The morning of the SaaSx2 event saw a great pre-event playbook at the Attune Tech’s Office.
Avlesh from WebEngage, Arvind from Attune Tech. and Suresh from KiSSFLOW came together to host the session and anchor the round table.
With a casual round of introductions, Suresh kickstarted the entire roundtable discussion with a question:
Who is your ideal user?
Identifying the ideal user for your product is the key to your entire product. Is it a product for developers? Is it for CEOs? Is it for mobile users? Is it for users of spreadsheets?
Once you identify your user, identify the ‘buying title’ and the ‘influencing title’. The ‘buying title’ would be the shot-caller whereas the ‘influencing title’ would play a major role in influencing the shot-caller to buy your product.
Sometimes, if your on-boarding process is straightforward, you can sidestep your segment. Figure out what’s happening, is your product gaining traction, etc., And then iterate your product.

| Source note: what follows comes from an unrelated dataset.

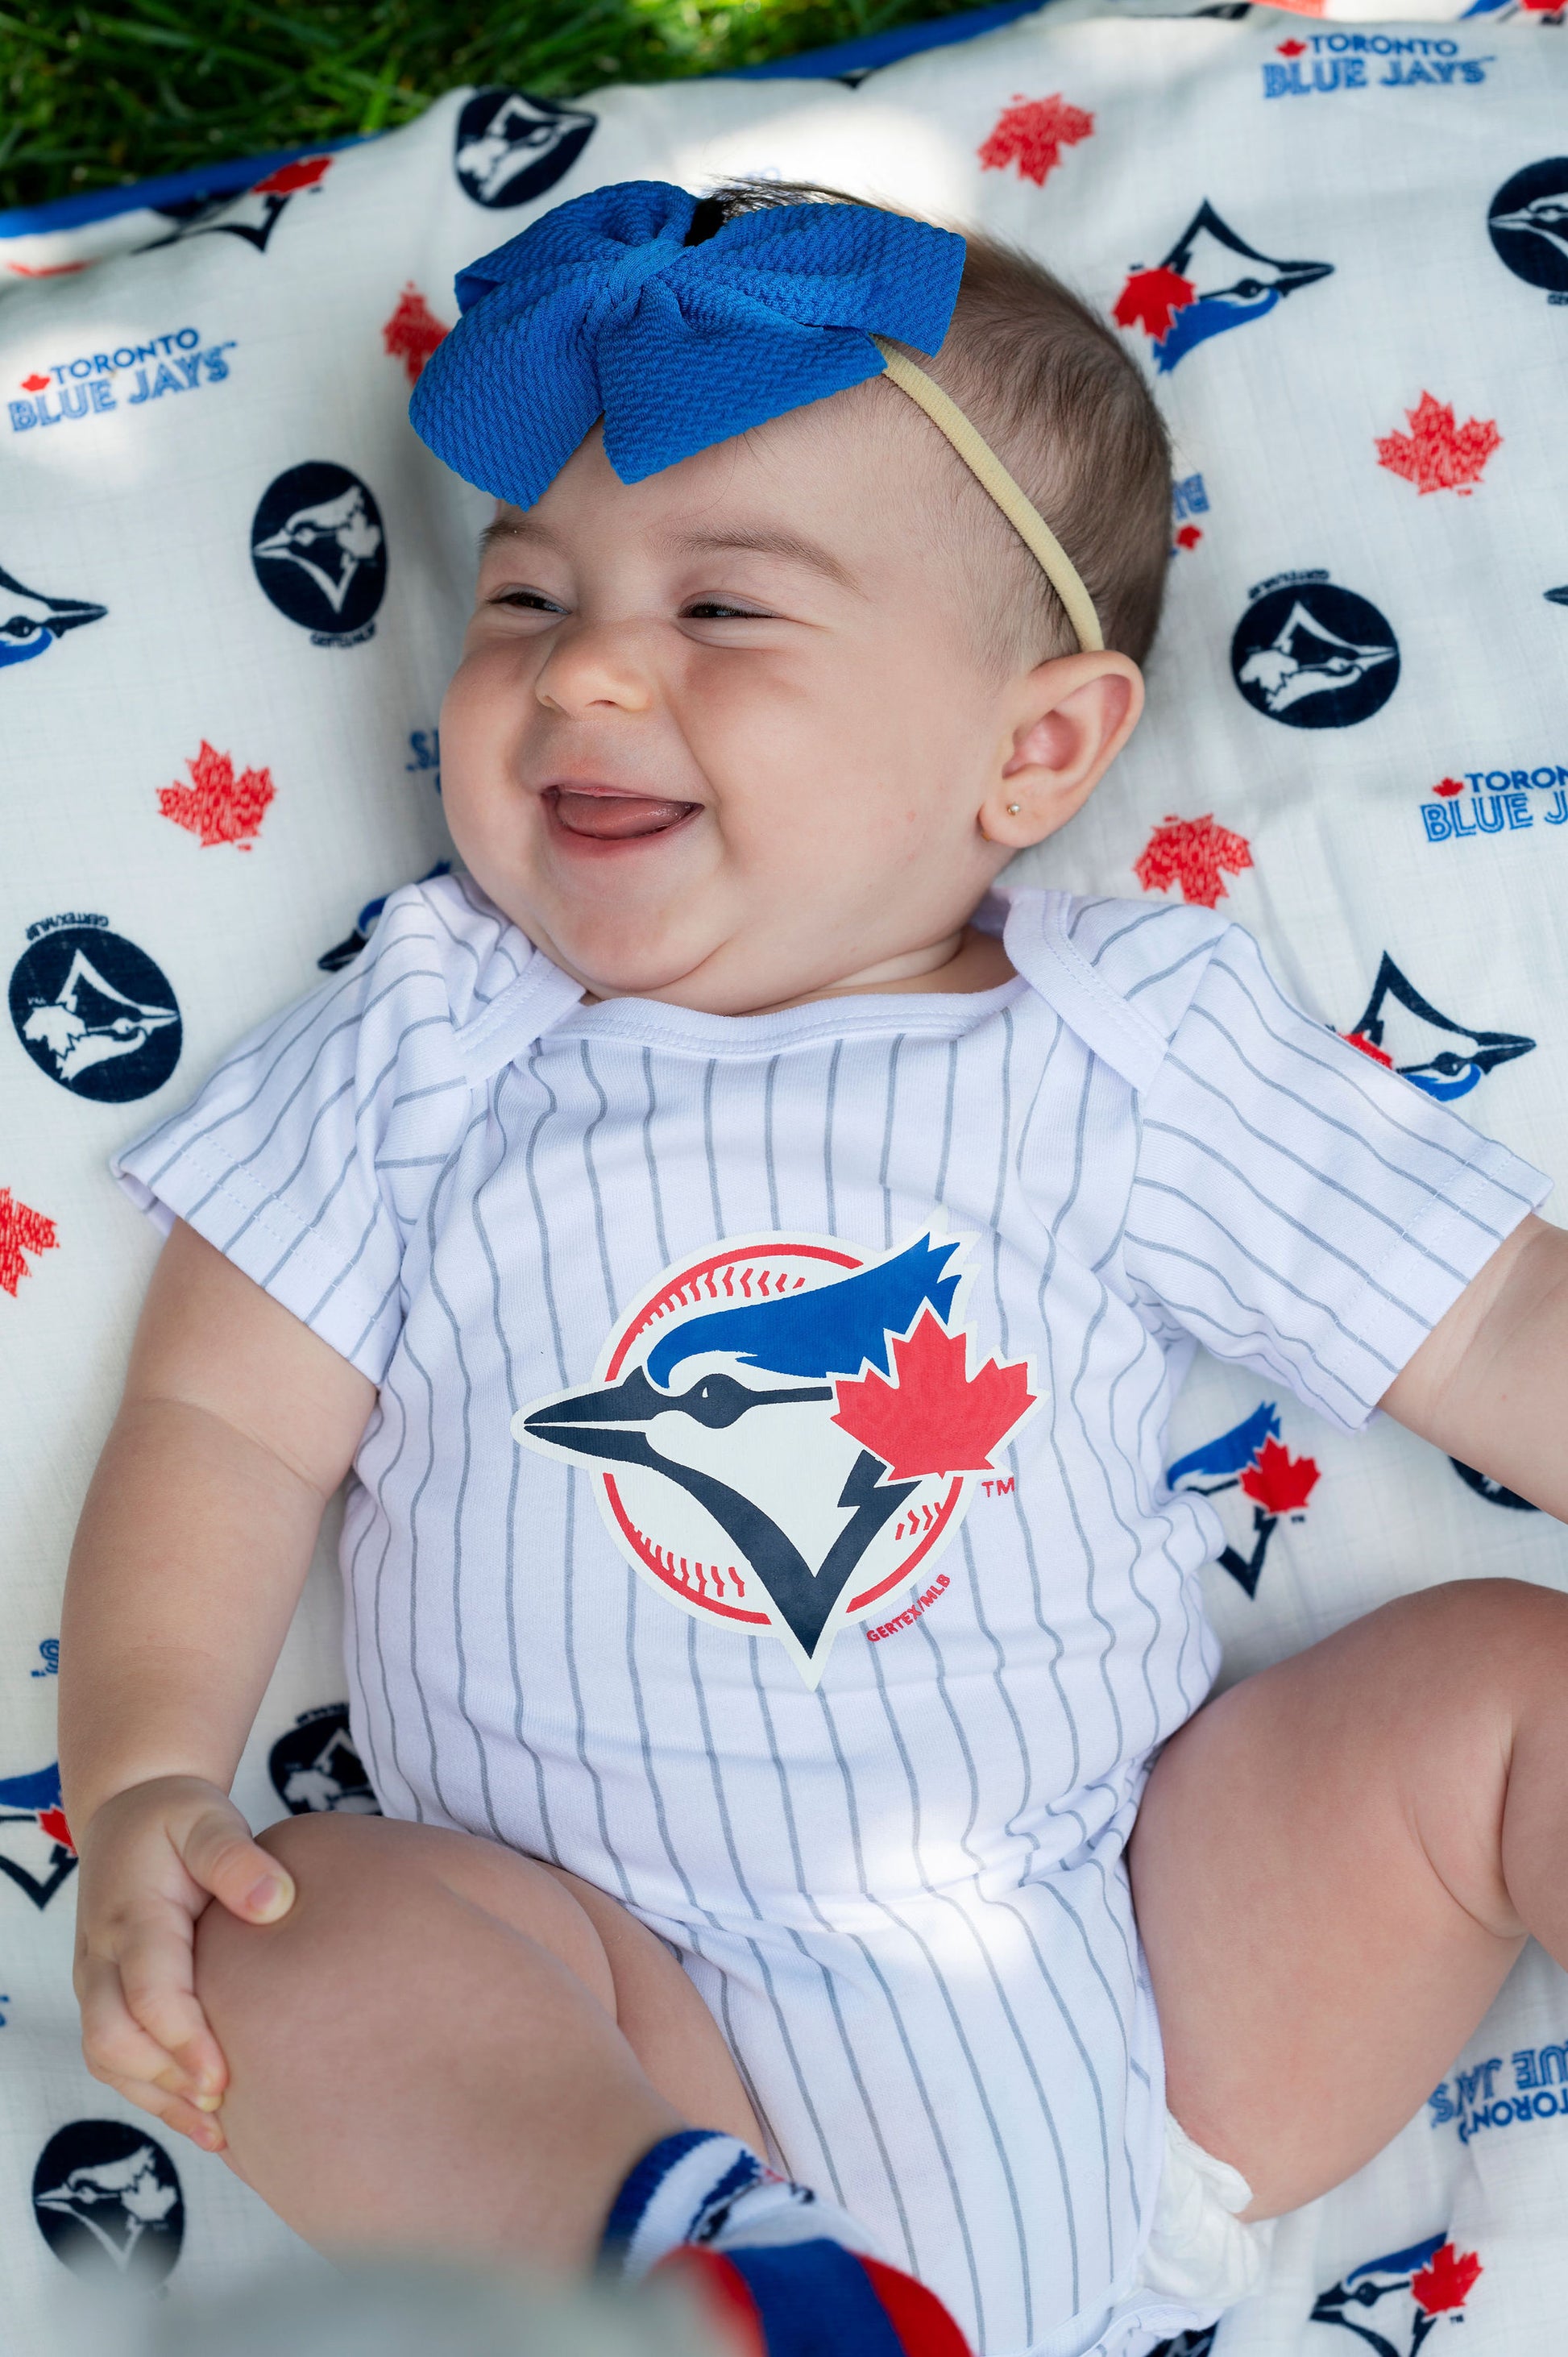 Gertex MLB Toronto Blue Jays 3-Pack Baby Bodysuits

Aligning Metrics – The key
This is when Avlesh (Webengage) (he was lost in the land of Chennai, damn the cabbie) joined the discussion. He stated a very crucial point, that sometimes entrepreneurs forget during their journey of building their product.
“Try aligning your product to your users’ metrics” was a great insight from him.
If you’re launching a second product, run it by your current customers.
Try answering these questions:
What’s that one thing that your user can relate to? What does he/she get out of this? What are you improving for them?
These are very practical and a data-driven points to consider before taking that step forward towards your market fit.
Instant Gratification -Connecting the dots
Arvind, connected these points to the psychological concept of ‘Instant Gratification’. What pain point are you trying to address? What’s that ‘wow’ moment they get when they start using your product? Something as simple as what they do everyday and how you can help them do it differently. If users get an immediate result from your product, they would be hooked to it.
Stickiness. The sole determiner.
Suresh mentioned a very simple but powerful point to elucidate product market fit.
“People who like your product will help you in scaling your product. But people who love your product will be your early adopters. Will be your referrers. Will be your evangelists. And they will help you achieve your product’s market fit!”
He also spoke about how product fit is not necessarily a price fit but much more than that. If users love your product, they really wouldn’t mind shelling out some extra money to buy it.
If you had noticed, all these points have something to do with user engagement.
Users see. Users love. Users buy. Users stick on.
Product Market Fit: The process
Product Market Fit isn’t a destination you aim to reach, but it’s a continuous journey.
Here are a few pointers to follow before you set out to find your fit.
- Understand your market.
- Estimate the market size.
- Don’t go after a broad range of things. You can’t be everything for everybody.
- Identify your segment. Your niche. That sweet-spot!
- Then, iterate your product. Strip/add features to suit the market.
Mohit from Jombay, who had some thoughtful points to add on to the entire discussion, mentioned about how it’s important to know what to focus on! Positioning your product is a prerequisite in obtaining a market fit.
Are we there yet?
When do you know your product has obtained a market fit? To understand the answer, ask this question. Are more strangers paying for your product? (not just your mom’s friends or cousin’s colleagues). Are you solving your users’ problem?
Sean Ellis answers this beautifully, in his blog.
“I’ve tried to make the concept less abstract by offering a specific metric for determining product/market fit. I ask existing users of a product how they would feel if they could no longer use the product. In my experience, achieving product/market fit requires at least 40% of users saying they would be “very disappointed” without your product. Admittedly this threshold is a bit arbitrary, but I defined it after comparing results across nearly 100 startups. Those that struggle for traction are always under 40%, while most that gain strong traction exceed 40%.”
Takeaways
Some quick points to sum up my takeaways from the session:
- Product market Fit isn’t a destination, it’s a journey.
- Understand your market.
- Know your customers.
- It’s not about the product. It’s about how you position it.
- Keep your product sticky.
- Align your products to your users’ metrics.
Avlesh’s sense of humor, Arvind’s sarcasm and Suresh’s guffaws helped maintain a lively atmosphere for the discussion 🙂 It was a great session overall with some brilliant takeaways from all of them.